One night, after the 6 p.m. show, Berman said Grimsby went to Rivera’s office where they came to blows. Berman now recalls that “at 10 that night I got a knock on the door of my apartment and it’s Geraldo who doesn’t look well. I said, ‘What are you doing here?’ [and] he said, ‘I think I killed Roger Grimsby.’ ”
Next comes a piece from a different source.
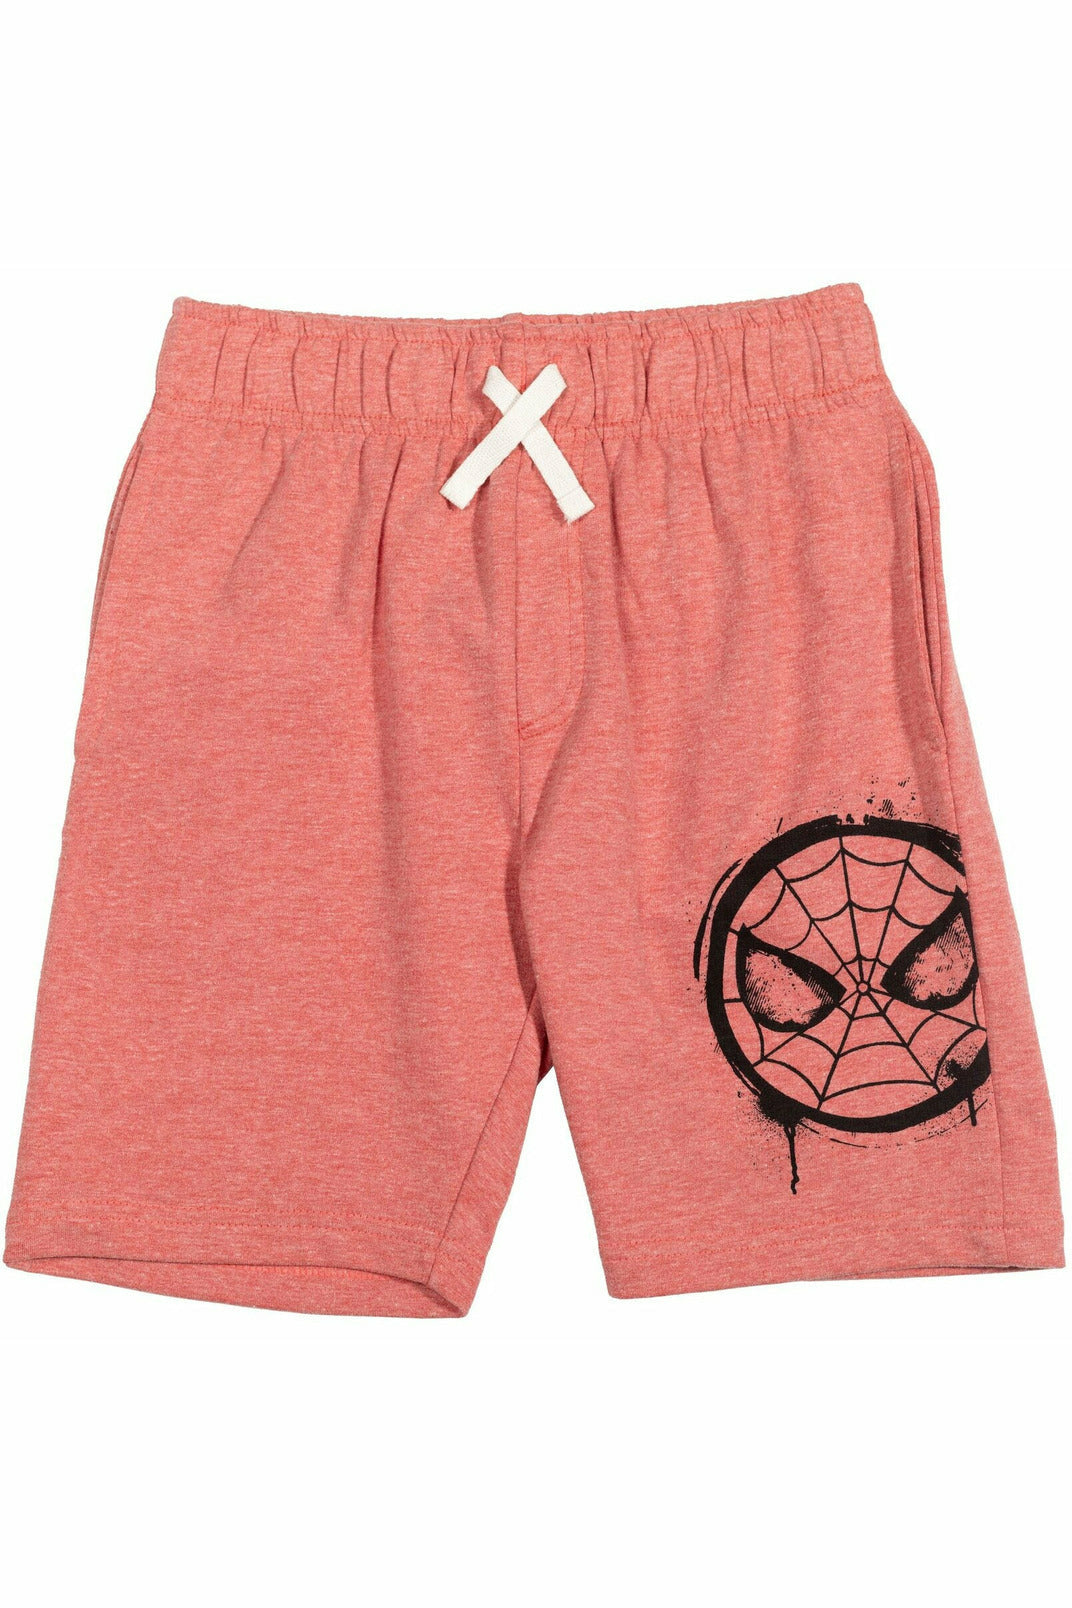 Spider-Man Avengers 2 Pack Shorts

Rivera said he’d dropped Grimsby after a couple of punches “and he didn’t get up.” They went back to the studio where Grimsby was prepping the 11 p.m. and had “applied makeup to both black eyes.” Berman said Grimsby “never mentioned anything about the fight, never acknowledged it.” (Rivera left “Eyewitness” in 1975.)
EXIT GRIMSBY
The end for Grimsby arrived abruptly in 1986, when ABC’s new owner, Capital Cities, and new station boss decided to clean house. After Grimsby was fired, he told New York Magazine, “They’re trying to depict me as a hopeless alcoholic. I’d like to know how I got drunk doing radio from 1 to 4 p.m. and then going straight to television.”
But the drinking had become a problem. Jim Joyce, a field operations specialist for ABC News, who was an “Eyewitness News” director and Grimsby friend, recalled that “between shows Roger and Bill and others would go across the street to Chip’s and McGlade’s. Every night there was happy hour and people got happy. Toward the end of his career, unfortunately, Roger probably started imbibing too much.”
Murphy, Grimsby’s longtime producer, said, “I don’t think they fired him because he was a drinker although maybe he was getting a little more out of control. It was a combination of money and just being tired of having to deal with him.”
He added that “I have worked with some of the most important and famous broadcast journalists of the last half century, and to me, he was the most unique — a combination of intelligence, journalistic skill, a sense of humor and a sense of self.
“I’ll always remember him as the best.”